Climate change talks offer India new opportunity

Commuters wait for a bus on a polluted morning in New Delhi on Jan. 31, 2013.PRAKASH SINGH/AFP/Getty Images

The air in Delhi is getting thicker. As winter nears, the smog in India’s capital city stifles and suffocates. It grounds airplanes. And it kills. Outdoor air pollution is the fifth leading cause of death in India, according to a study showing it led to 627,000 premature deaths in 2010 alone.

There is some hope for a path through the smog, however.

A new round of global climate talks begins today in Lima, Peru. The ideal end game is an agreement in 2015 to take bold action on climate change. The droughts, floods, and extreme weather scourging the planet from California to Calcutta make an urgent case.
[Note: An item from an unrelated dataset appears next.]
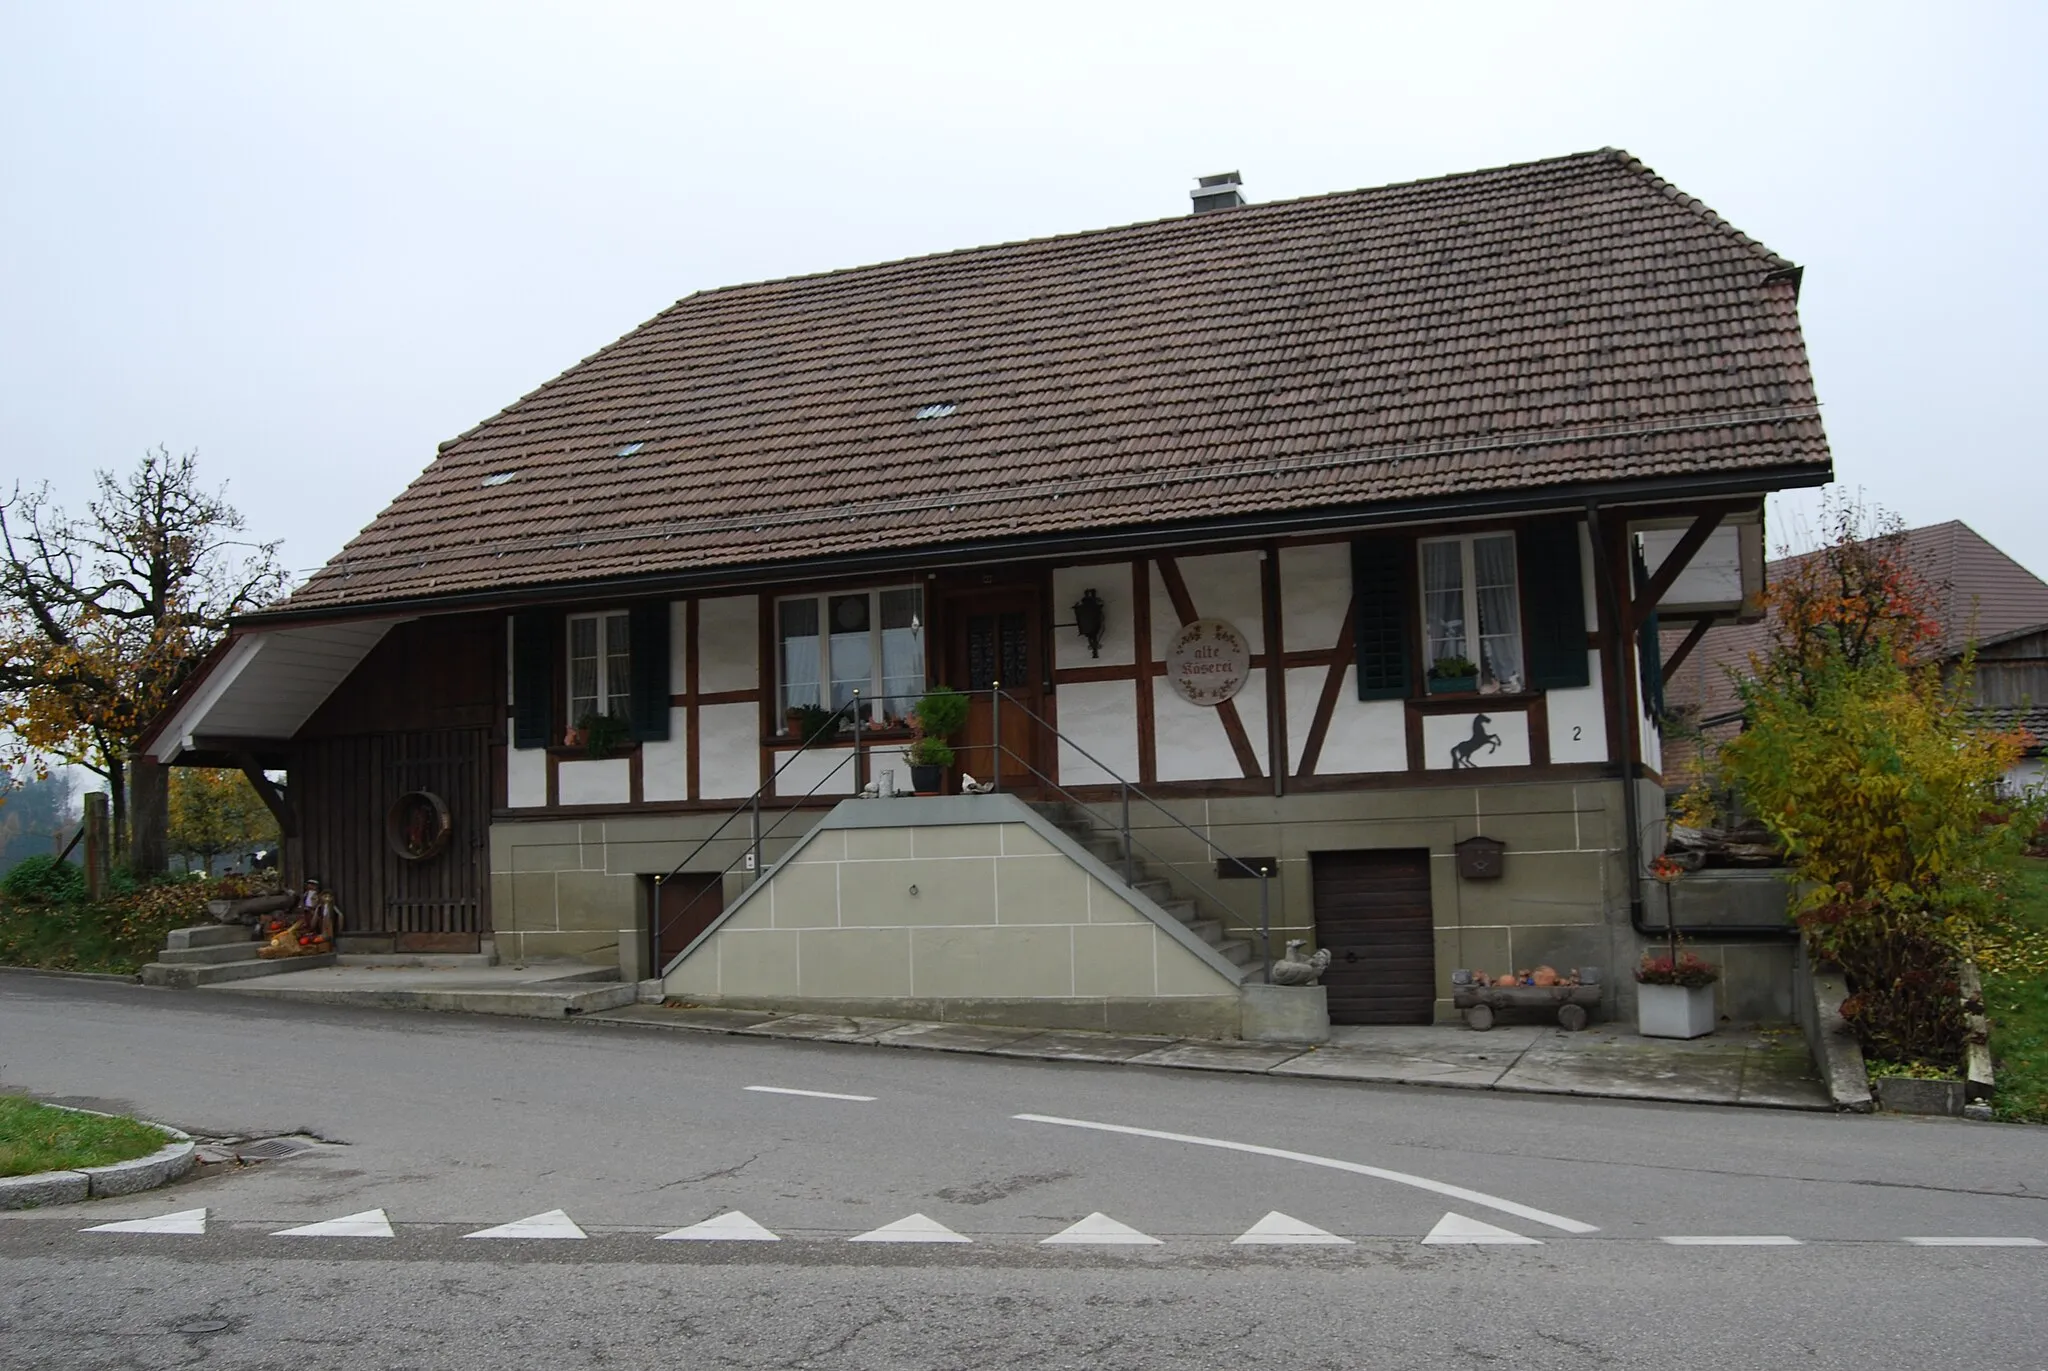 Photo showing: Timber framing house at Zuzwil, canton of Bern, Switzerland
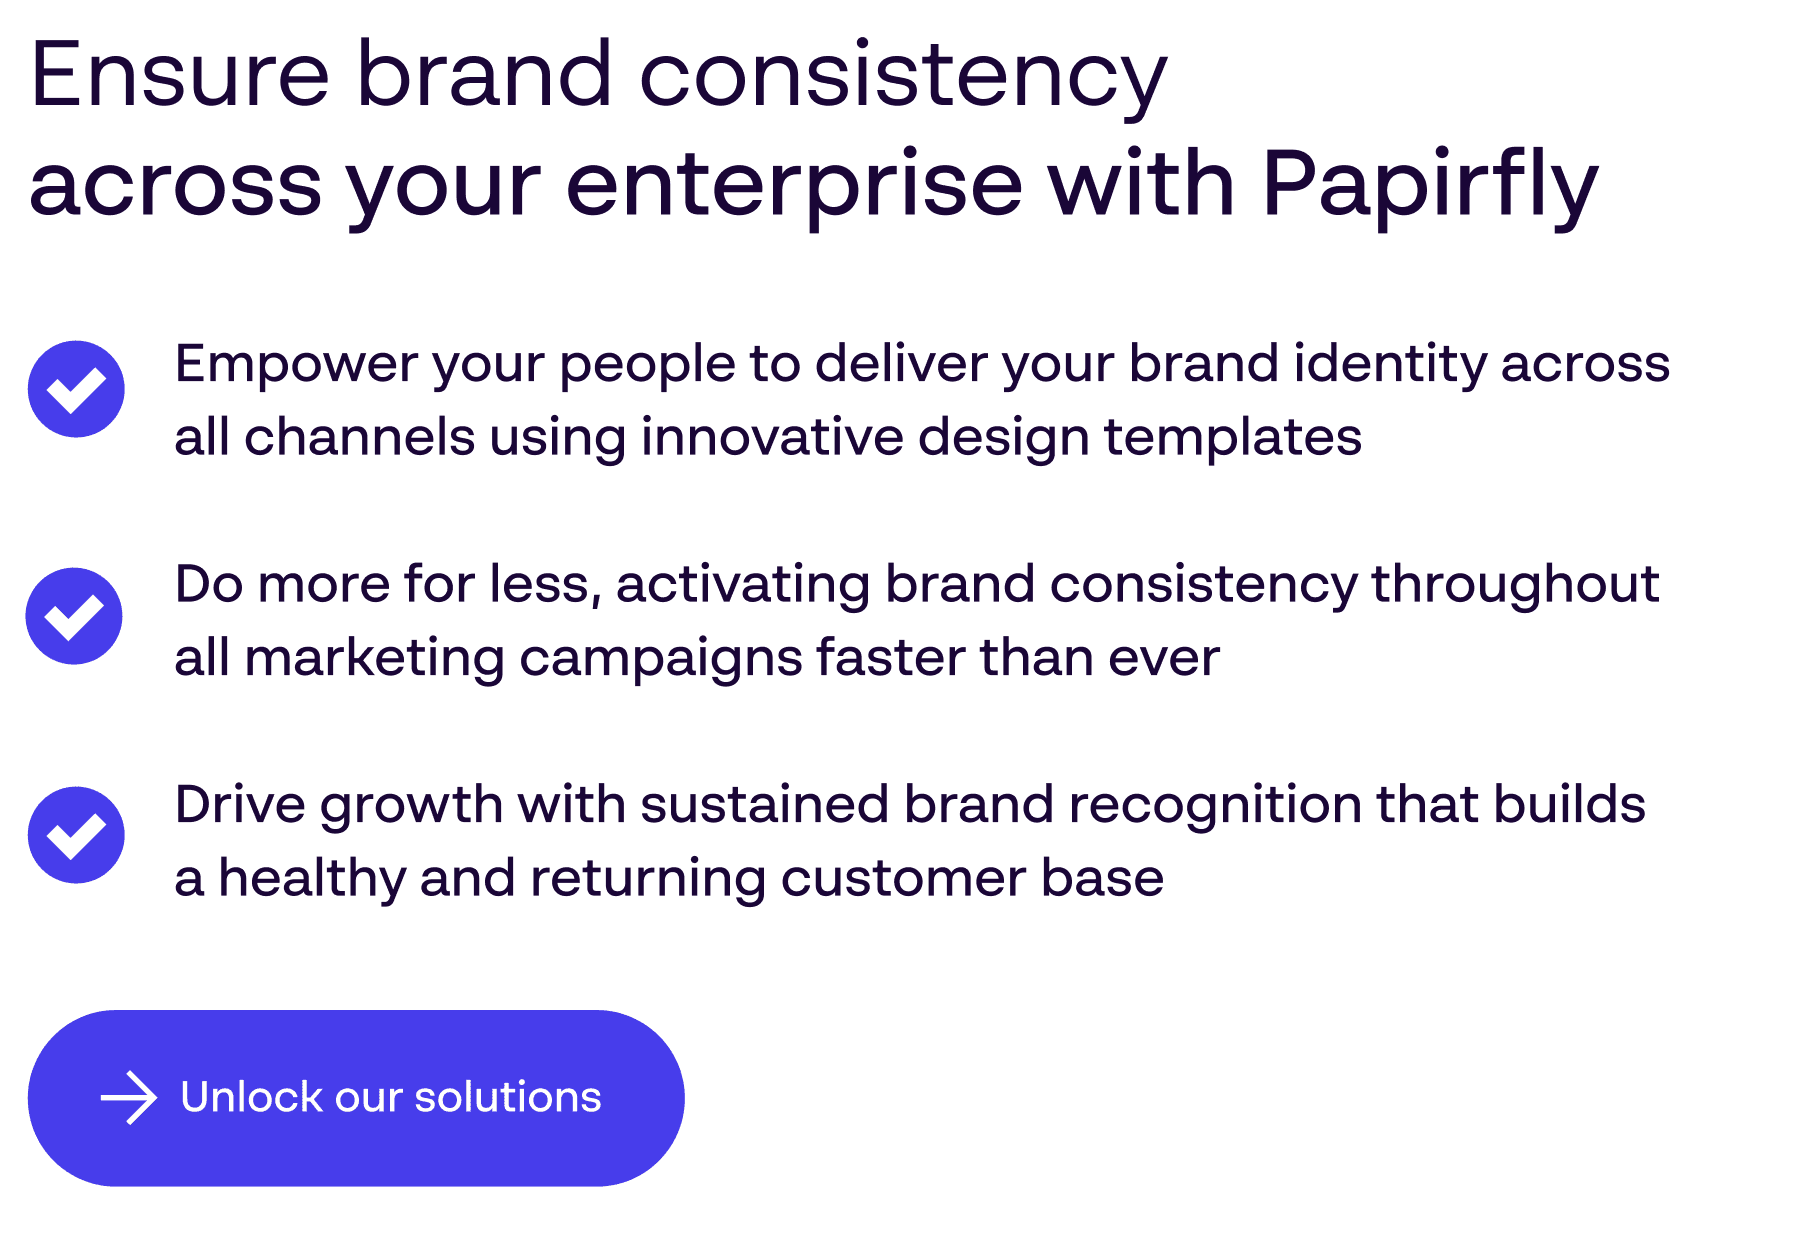 “Papirfly solutions and brand consistency services - CTA to brand management software platform”

With the recent agreement between the United States and China on climate change, there is growing pressure for India, as the third largest emitter of greenhouse gases after those two countries, to set a timeline to curb its emissions.

India is one of the most scientifically and technologically rich countries in the world, though the riches are not well distributed across its 1.2 billion people. It’s a marvel to witness its technical prowess: The rapid rise of Bangalore as a thriving entrepreneurial hub and the Indian Space and Research Organization’s successful mission to propel a satellite into the orbit of Mars are sources of pride for Indians and the diaspora. India’s growth trajectory even appears to be more resilient than other emerging markets.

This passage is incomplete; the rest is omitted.